YOU will have to be strong, and cut their mix back to only a few times a week, to only once a week, then to just a very occasional treat. In the end you will be glad you did. I had a wonderful chart on rats fed the grain mix diet and rats fed the block staple and the diferences in their weights...it was astounding. I would have to dig it up since my computer crashed and I lost all my good stuff last year, but I posted it on a forum, just need to find it again


----------



## lilspaz68 (Feb 24, 2007)

Found it!!!

I am quite unhappy with the weights of the majority of my Horde these days. It worries me that I am doing something wrong currently. I used to feed them Suebee’s freely since I didn’t have access to lab blocks at the time, and then I used to feed both. I didn’t quite understand that Suebee’s was not to be fed daily but as tri-weekly addition to the dog kibble 

Now my rats are fed strictly lab blocks (Mazuri previously, now HT 2104 for the last 6 months..thank you Elizabeth!) supplemented with veggies and occasional fruit, with “bad” treats like peanuts in the shell handed out one by one. 

I used Aura and Valora and Vesta as my comparison rats from the Horde of Old as they were normal-sized rats and very lean when I got them as babies. I had to use Dilbert as my comparison to my neutered boys.
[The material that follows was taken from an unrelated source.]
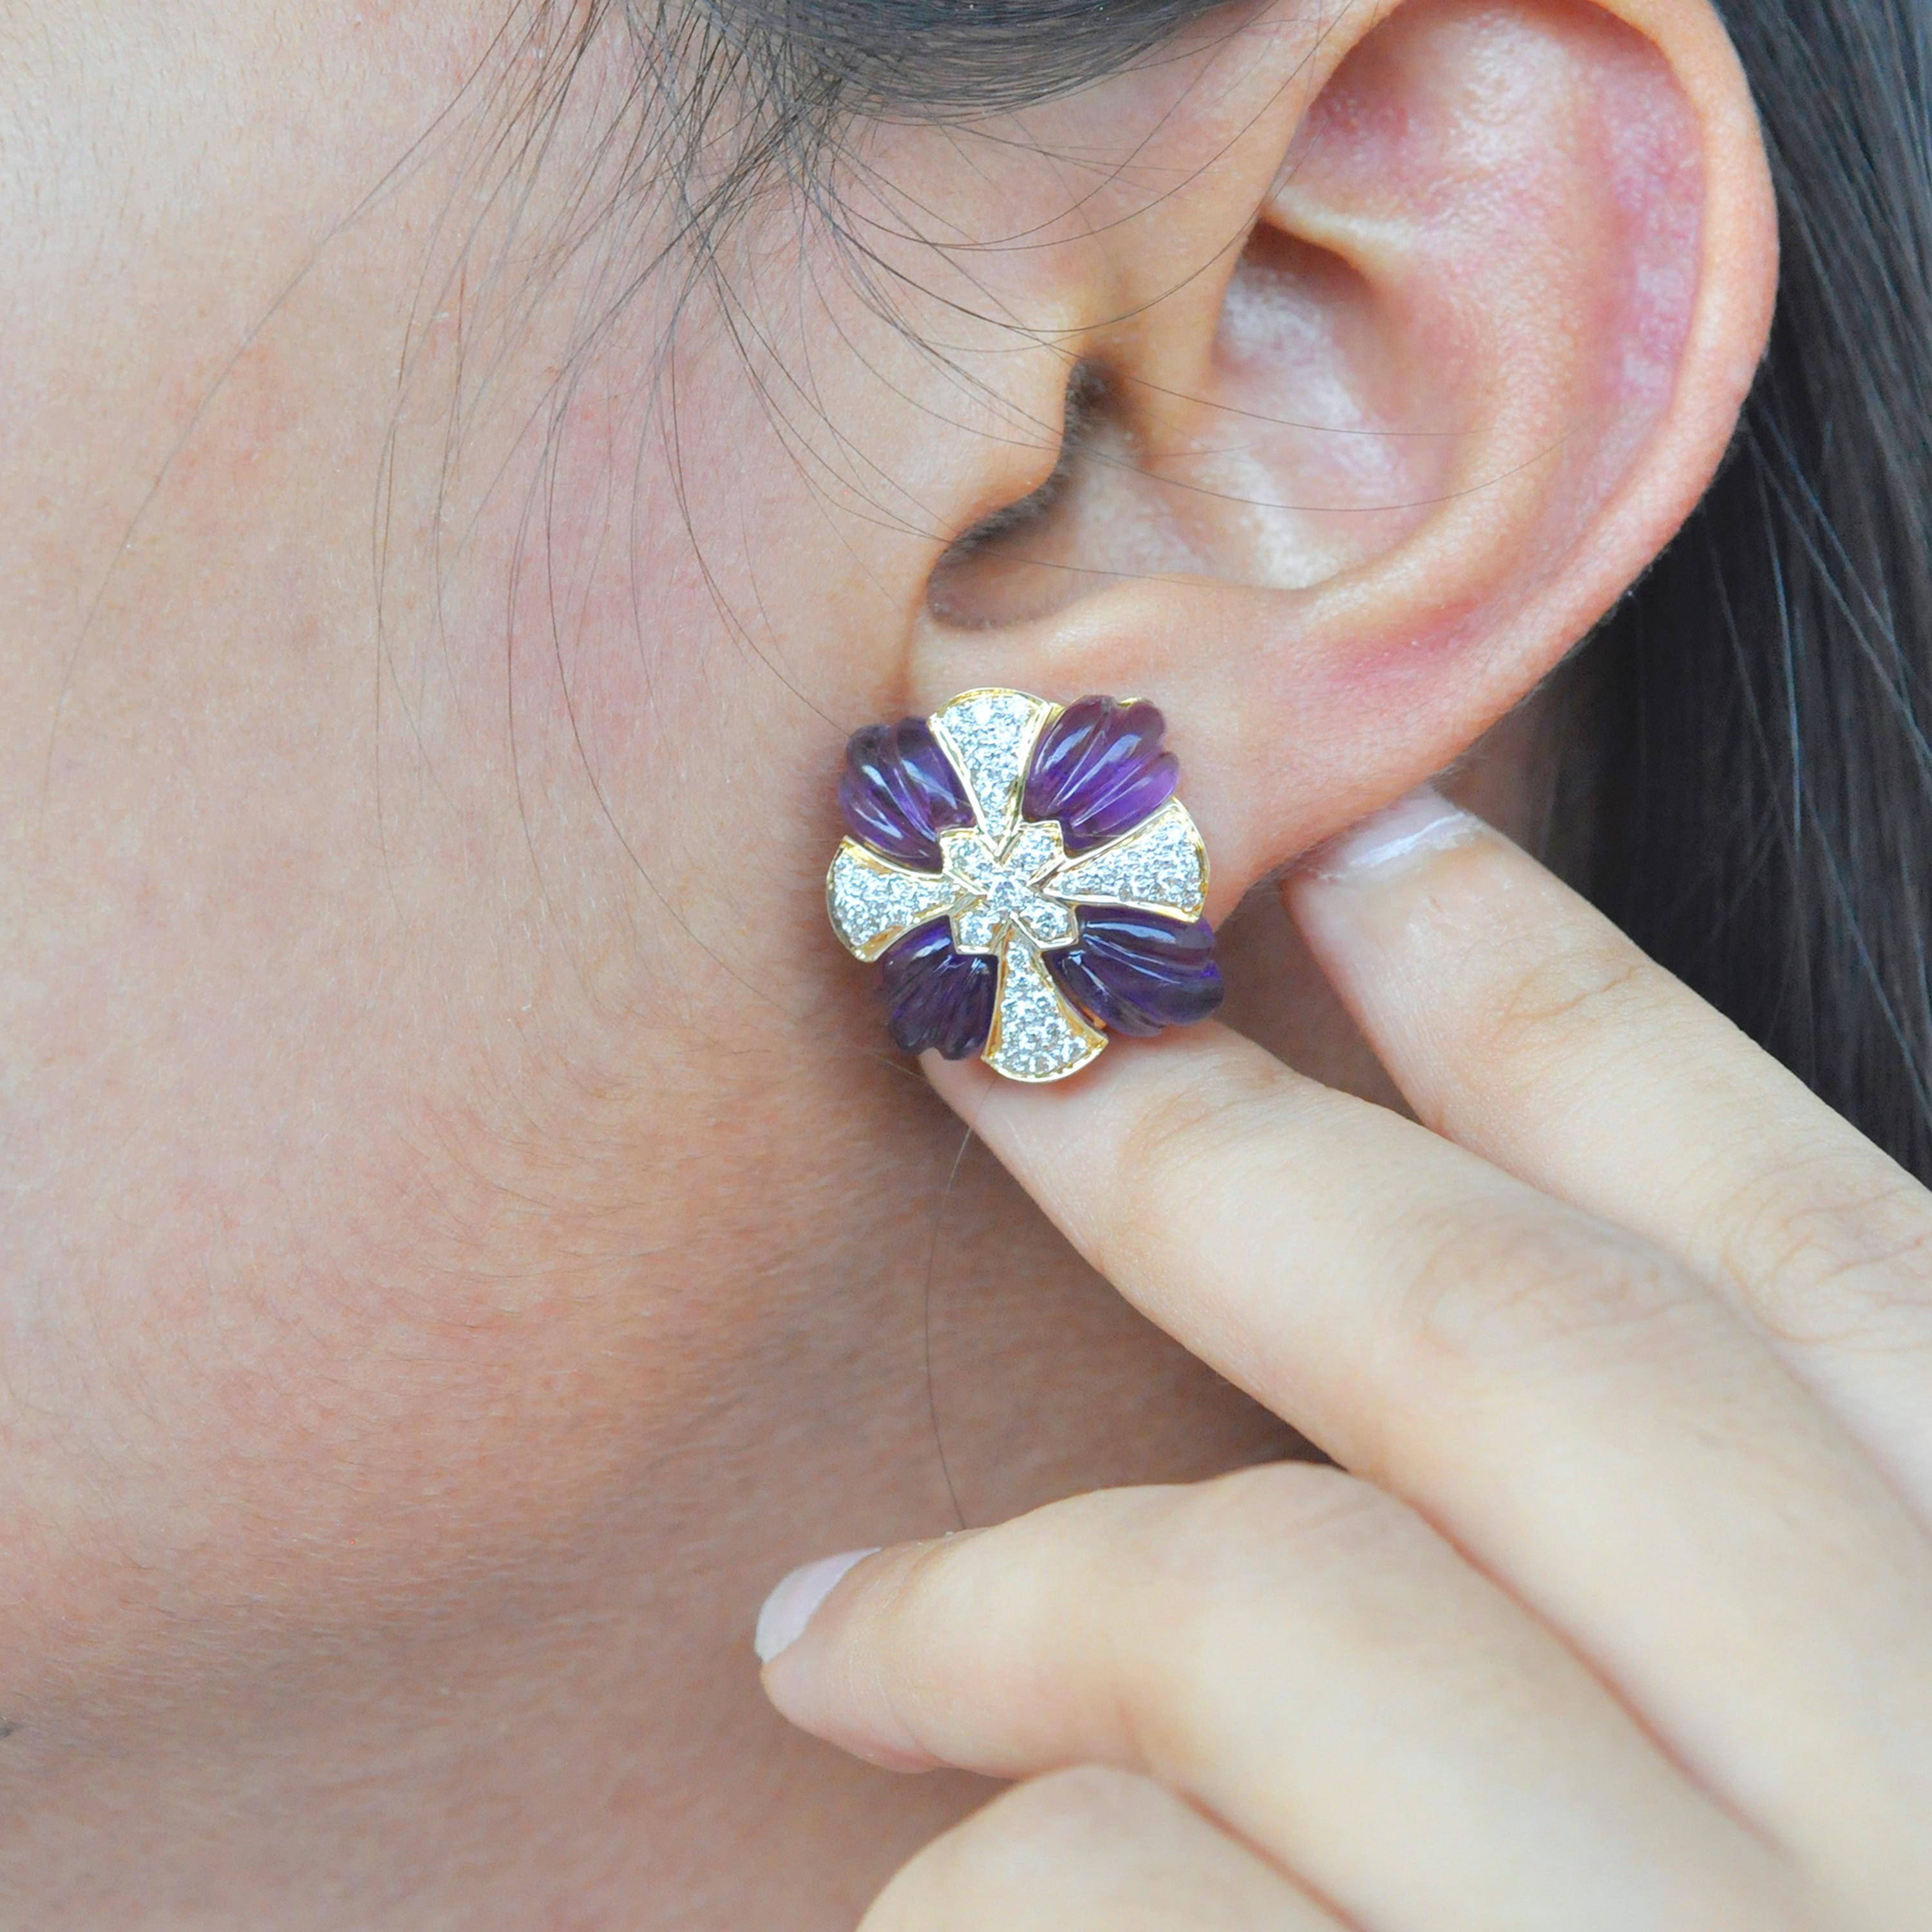 18 Karat Gold Natural One-of-a-Kind Amethyst Carving with Diamond Stud Earrings For Sale 6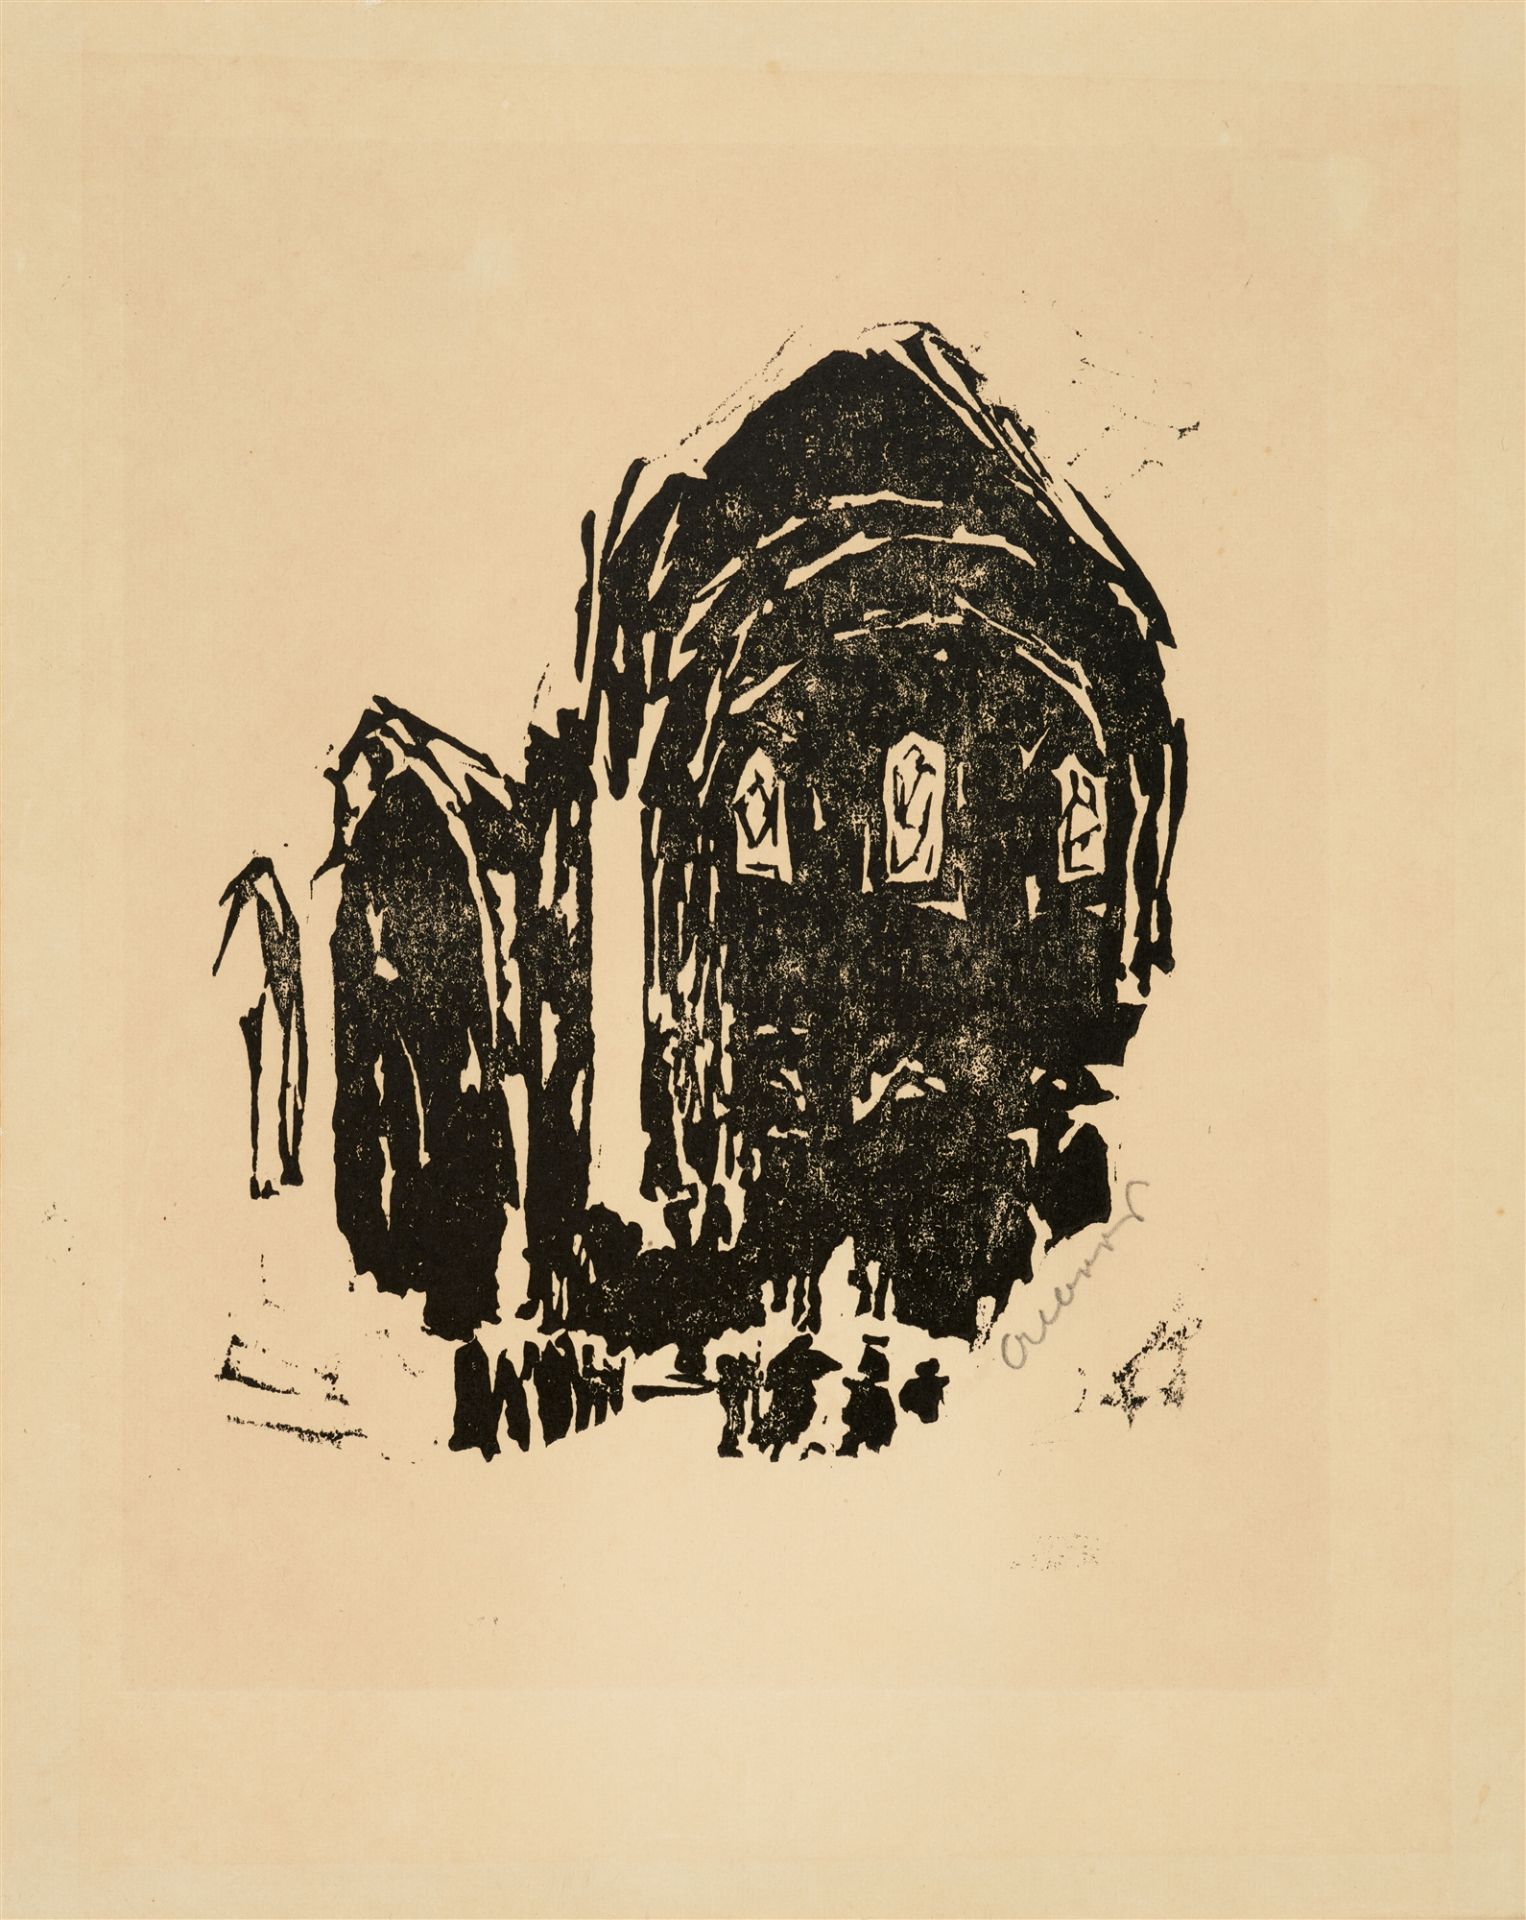 Josef Albers, In the Cathedral: Small Middle Nave

Sadly Word doesn't translate well on here and it will be hard to read. I did put the difference in weights in blue for all to see... :roll:

Age / Name / Wt. / Old Horde Rat / Wt. at Same Age / Difference between Current and Old

15 / Kismet / 362 g / Valora/Vesta / 400 g/448 g / 38 g/86 g
15 / Tosca / 304 g / same / same / 96 g/144 g
15 / Cleo / 328 g / same / same / 72 g/120 g
16 / Megan / 318 g / same / 402 g/456 g / 84 g/138 g
16 / Angel / 335 g / same / same / 67 g/121 g
18+ / Faline / 417 g / Aura / 427 g / 10 g
6 / Suri / 343 g / Valora/Vesta / 327 g/346 g / -16 g/3 g
6 / Linny / 295 g / same / same / 32 g/51 g
20 / Bronwen / 395 g / Aura / 432 / 37 g
16 / Tucker / 562 g / Dilbert / 530 g / -32 g
16 / Bear / 481 g / same / same / 49 g
13 / Fayth / 366 g / Valora/Vesta / 411 g/412 g / 45 g/46 g
8 / Aki / 375 g / Valora/Vesta / 357 g/379 g / -18 g/4 g
8 / Lani / 353 g / same / same / 4 g/26 g

Things to remember. Suri is a big solid girl, Aki and Lani came to me at 5 months old so I didn’t feed them from the beginning, Faline came to me at 6 months old, Bronwen is a sweet chunky monkey who had at least one litter, and I have no idea why my neutered boys are following in each other’s footsteps :roll:

Does it look like I am on the right track for healthier weights?


----------



## ema-leigh (Jan 24, 2010)

I dont make mine with exact measurements and Im also making it for alot more rats.

I would use approx:
4 cups of flakes oats
4 cups of rolled oats.
3 cups of 7 grain cereal
1 cup of muesli 
2 cups of dried fruit
1 small handful of soy nuts (a little bit exra if you have girls)
1/2 cup of millet
1 handful of flax seeds (again extra if you have girls)
2 cups of puffed cereal (wheat/rice etc. Bear in mind the puffed rice doesnt have much nutritional value)
3 cups of post shreddies
1.5 cup of bran flakes
1.5 cup of wholegrain cereal (READ the boxes, the healthiest looking box actually contains more sugar, get the yelow box)
1/2 - 1 cup of wholegrain uncooked pasta (extra if you have underweight, less if overweight)
1 cup of low protien low fat senior dog food (I dont add this everytime I make the mix)
1 cup of cracked wheat + buckgroats
Sunflower/pumpkin and seasme seeds mixed together approx 1.5cups
1 cup of split peas + lentils
2 cups of barley
small handful of shredded coconut
small handful of soya beans

Then you can add thins to keep it interesting such as a bag of rat food, broken lab blocks, broken unsalted crackers and french melba toast.


----------



## halfmoon (Mar 29, 2010)

Apparently my boys overheard my frustrated conversation with their father and they're eating their lab blocks!  I'm amazed at how fast they started to eat them this time. I guess they _were_ hungry after all.


----------